Despite the effect on circulating selenium levels there were no significant differences between treatment groups in LW, fertility or stage of pregnancy at pregnancy testing.
Table 2. Final (pregnancy scanning) mean (s.e.m.) blood trace mineral levels and joining and final LW, fertility and foetal age at scanning for heifers supplemented with trace minerals at weaning.
Treatment group | Blood levels | LW at | Fertility (percent pregnant) |
Foetal age (weeks at scanning) |
|||
---|---|---|---|---|---|---|---|
GSH PX | Copper | Zinc | Joining (kg) |
Preg. test (kg) |
|||
C | 8±12a | 16.3±1.0 | 12.3±0.6 | 249 ± 4 | 337 ± 5 | 65.9 ± 7.2 | 9.8 ± 0.5 |
M | 72±12b | 17.1±1.0 | 11.3±0.6 | 249 ± 4 | 334 ± 5 | 67.5 ± 7.3 | 8.7 ± 0.5 |
S | 188±12c | 15.6±1.0 | 12.5±0.6 | 255 ± 4 | 342 ± 5 | 74.4 ± 7.0 | 9.8 ± 0.4 |
SM | 292±12d | 15.6±1.0 | 11.9±0.6 | 256 ± 4 | 342 ± 5 | 73.2 ± 7.2 | 8.9 ± 0.5 |
Means with different superscripts within columns are significantly different (P<0.05)
These trial findings suggest that supplementation with selenium or vitamin B12 is unlikely to produce a production response even in prime lambs flocks and cattle herds known to be deficient in circulating levels in the central tablelands of NSW..

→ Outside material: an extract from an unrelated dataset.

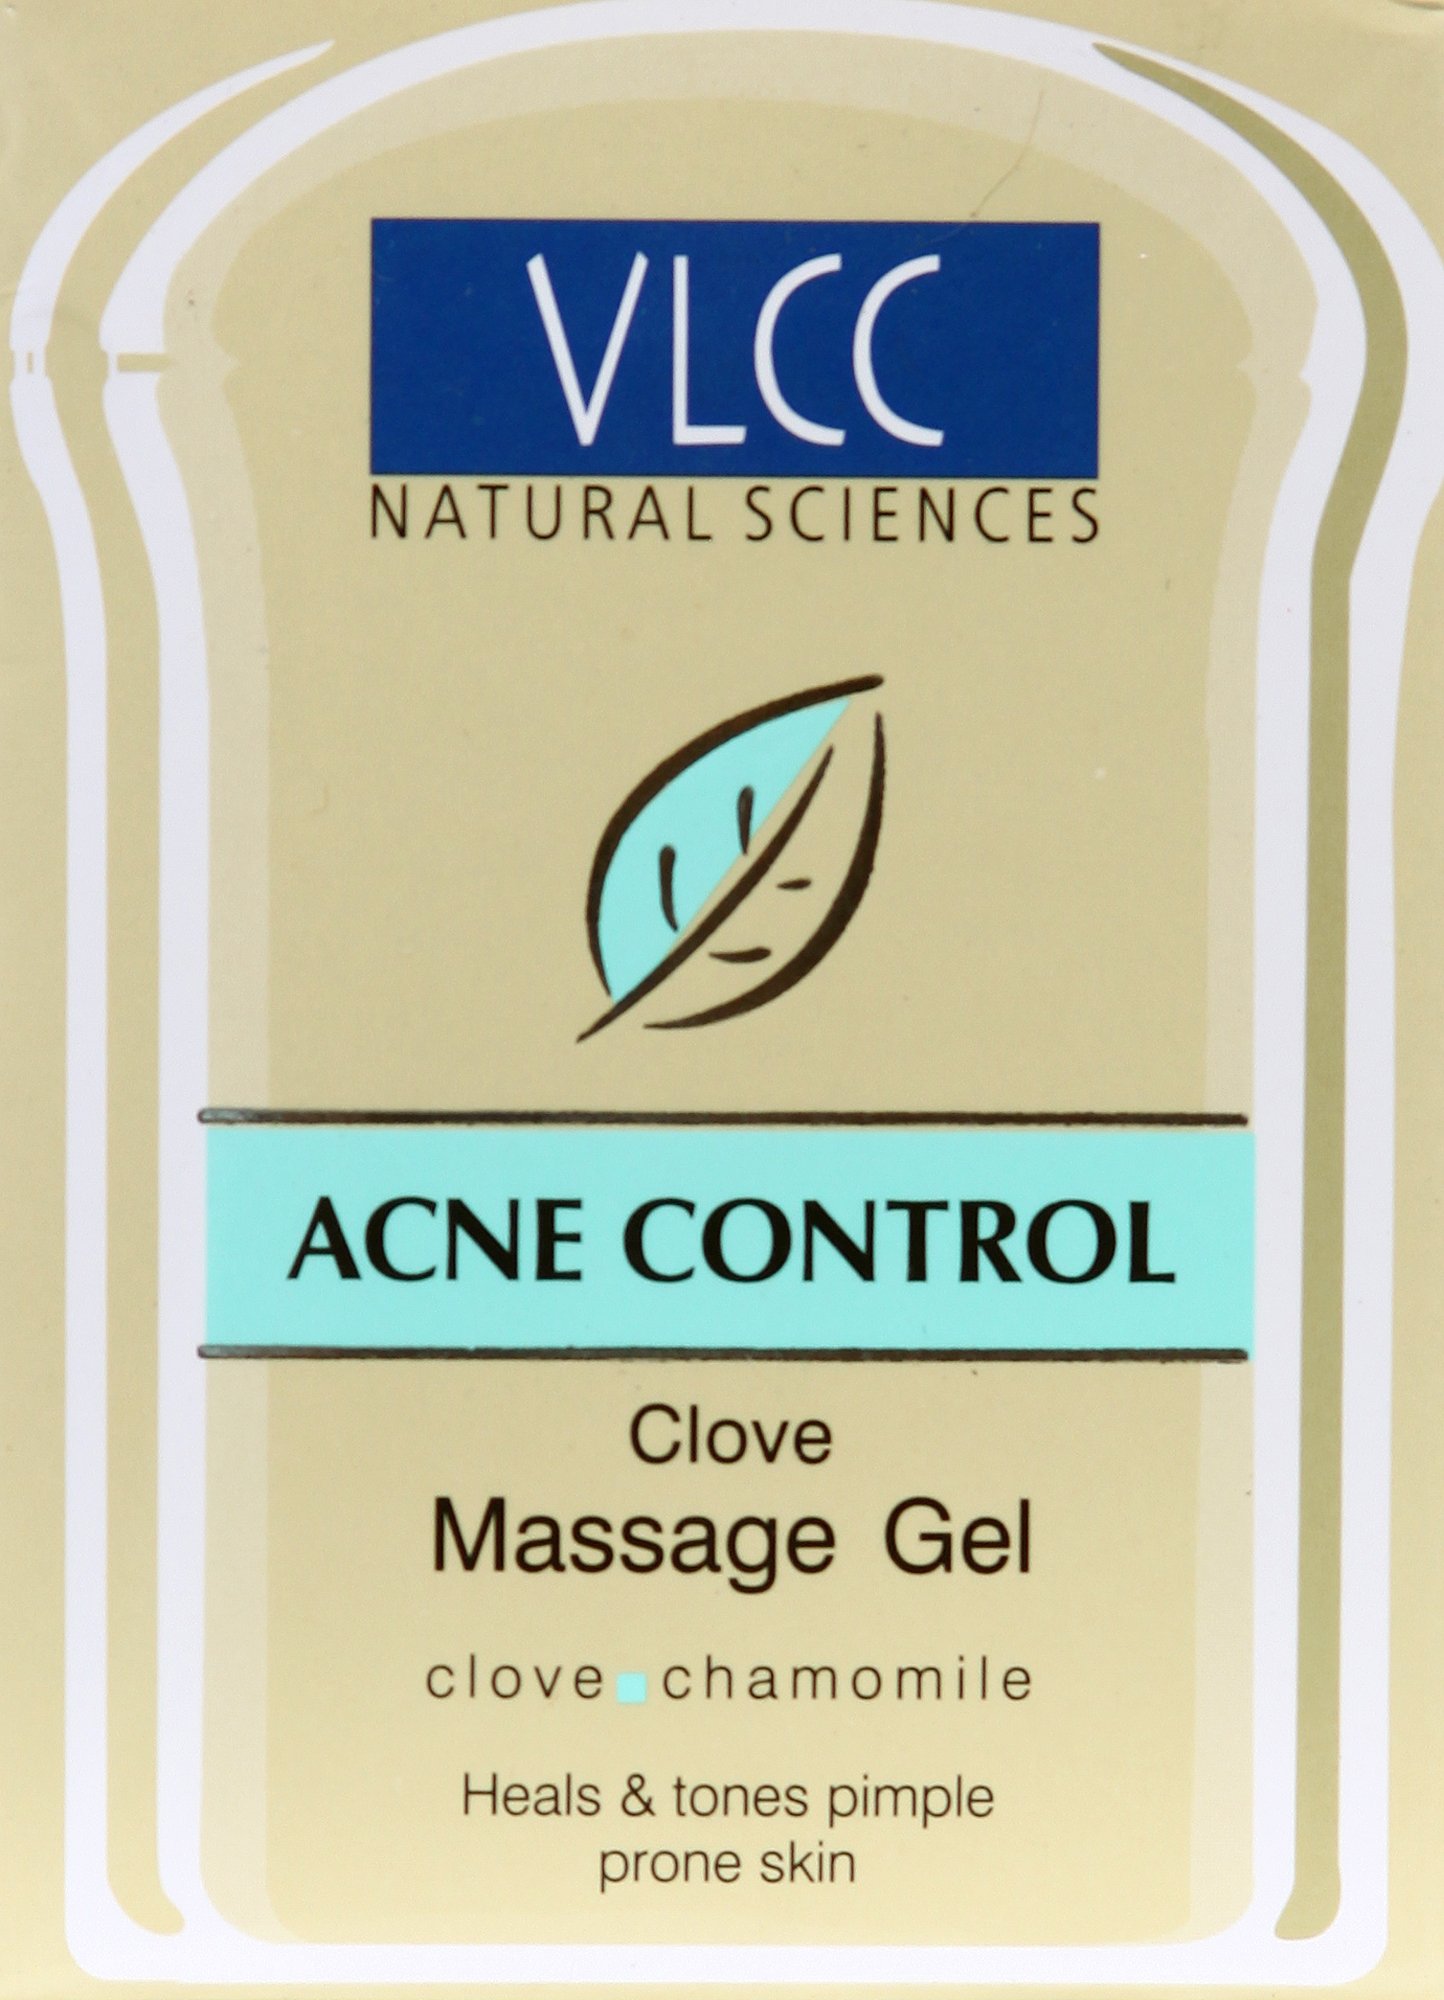 VLCC Acne Control (Clove Masage Gel) - book cover

Young sheep in areas known to be deficient in cobalt and selenium, such as the Fleurieu Peninsula in South Australia nonetheless shown variable, including sex-related responses. The results of our trials showed no response over two years despite blood test results indicating deficiency for at least some of the year. These results suggest that while responses to B12 cannot be ruled out in some seasons they also suggest that B12 supplementation is not a high priority for central tablelands livestock producers.
Similarly in we could not demonstrate a growth or fertility response in heifers supplemented with selenium and this is in agreement in a previous trial conducted in 2008 in selenium deficient heifers.ii However, clinical selenium deficiency has been reported previously on the central tablelands.
Mineral supplementation may have benefits other than improvements in weight gain or fertility. Our previous study showed that selenium supplementation reduced the worm egg count of young sheep.ii A range of other studies have shown the effects of selenium (and vitamin E) on immune function. Some of these benefits may relate to liver stores of minerals that become available to help the immune system through enzyme systems such as serum superoxide dismutase. For example, recent studies that injectable mineral supplementation can have lower the rate of mastitis. However, unfortunately benefits other than on production traits are difficult to quantify and subject to economic analysis.
We gratefully acknowledge the support of Jason Southwall from Neville McMichael and associates and the considerable assistance of manager Jeremy Woods. Ben Kidd from Virbac assisted with the trial and Virbac provided the Multimin and funded the laboratory tests.